Compensation is more than merely wage for work performed. While $$$ to pay the bills is important, an equally important element of compensation is job fulfillment.
A few years back, I (Doris) had a memorable conversation with one of the housekeeping staff at the University of Missouri Hospital and Clinics. “Anna” is always smiling. “Anna” loves keeping patients’ rooms clean and doing the little extras because, in her words, it’s trying enough for her patients to be in a hospital; she wanted their room to be pleasant. Part of her pay was making people’s days brighter.
Perhaps that’s why one of my favorite recruitment screening questions concerns which job or work situation the candidate found most fulfilling. No one ever responds, “My job at XYZ Company was my favorite because they paid me the most per hour and gave me a great compensation package”. Seriously. While they may have had to leave a job in part due to compensation, and rarely only due to compensation, generally the responses will fall into one or more of the following:
- I loved the diversity in the job and was always busy.
- I felt I made a difference.
- I like data entry and was able to enter a greater volume of numbers with little to no mistakes.
- I loved my co-workers and will miss them.
- I loved the challenge of meeting goals and achievement.
- My boss was wonderful and it was a pleasure to help her.

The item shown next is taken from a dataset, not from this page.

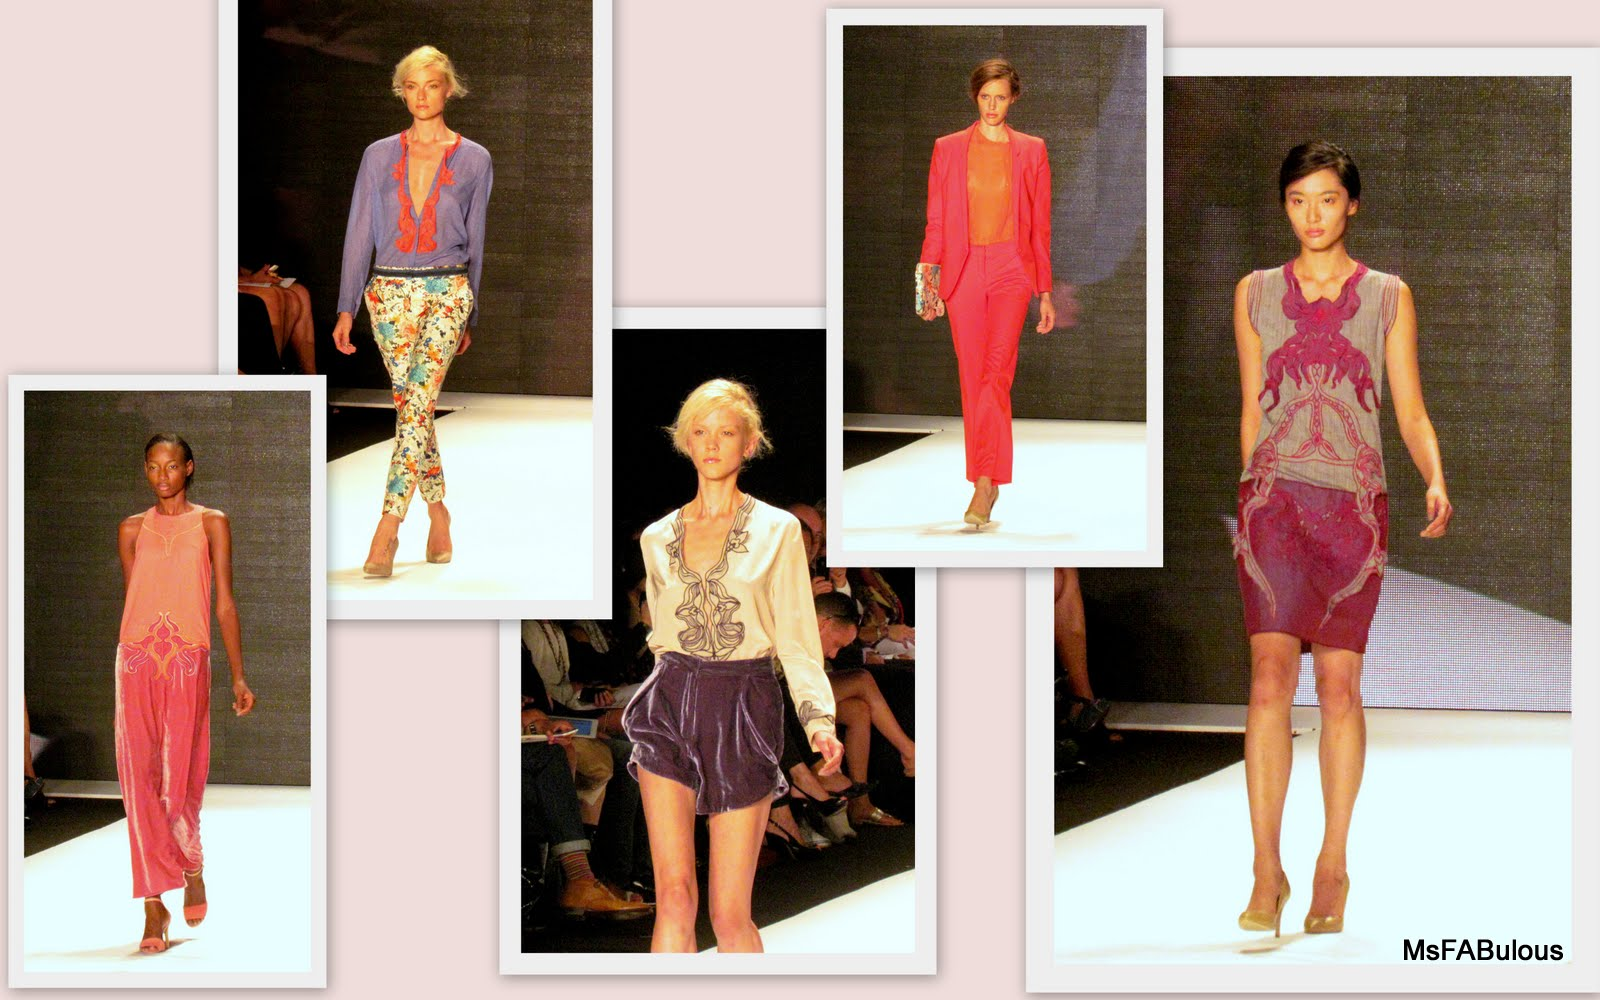 http://4.bp.blogspot.com/-dOLWdj8yZa8/Tw26gXpG-XI/AAAAAAAAIHI/-tADyV7GmAc/s1600/Vivienne+Tam+Spring+20121.jpg

- I’m passionate about “xyz”.
Try asking your best workers what they like about working at your company! You’ll often find that, in addition to the $$$ in their pockets to pay the bills and in addition to the health and retirement benefits, there is something intrinsically rewarding about what they do. If there isn’t, you’ll lose them.
The Value of Training
It’s important for employees to realize that the training and experience they receive become a valuable part of their skill set. It goes with them when they leave. It’s important to know where the employee’s skill level is and consider what he/she needs to learn to become more valuable. Consider software programs, technical skills, people skills, and executive level thinking… Yes, we all get exhausted training and then seeing the person leave for better pastures. Part of the challenge for us as leaders is to make certain the employee is bringing improvements into the workplace that remain with you, the employer.
At a time when mass media and social media fixates on compensation as money only, it’s easy for those who are less mature to overlook the value of non-monetary compensation. Money can buy security; but fulfillment can buy a life worth living.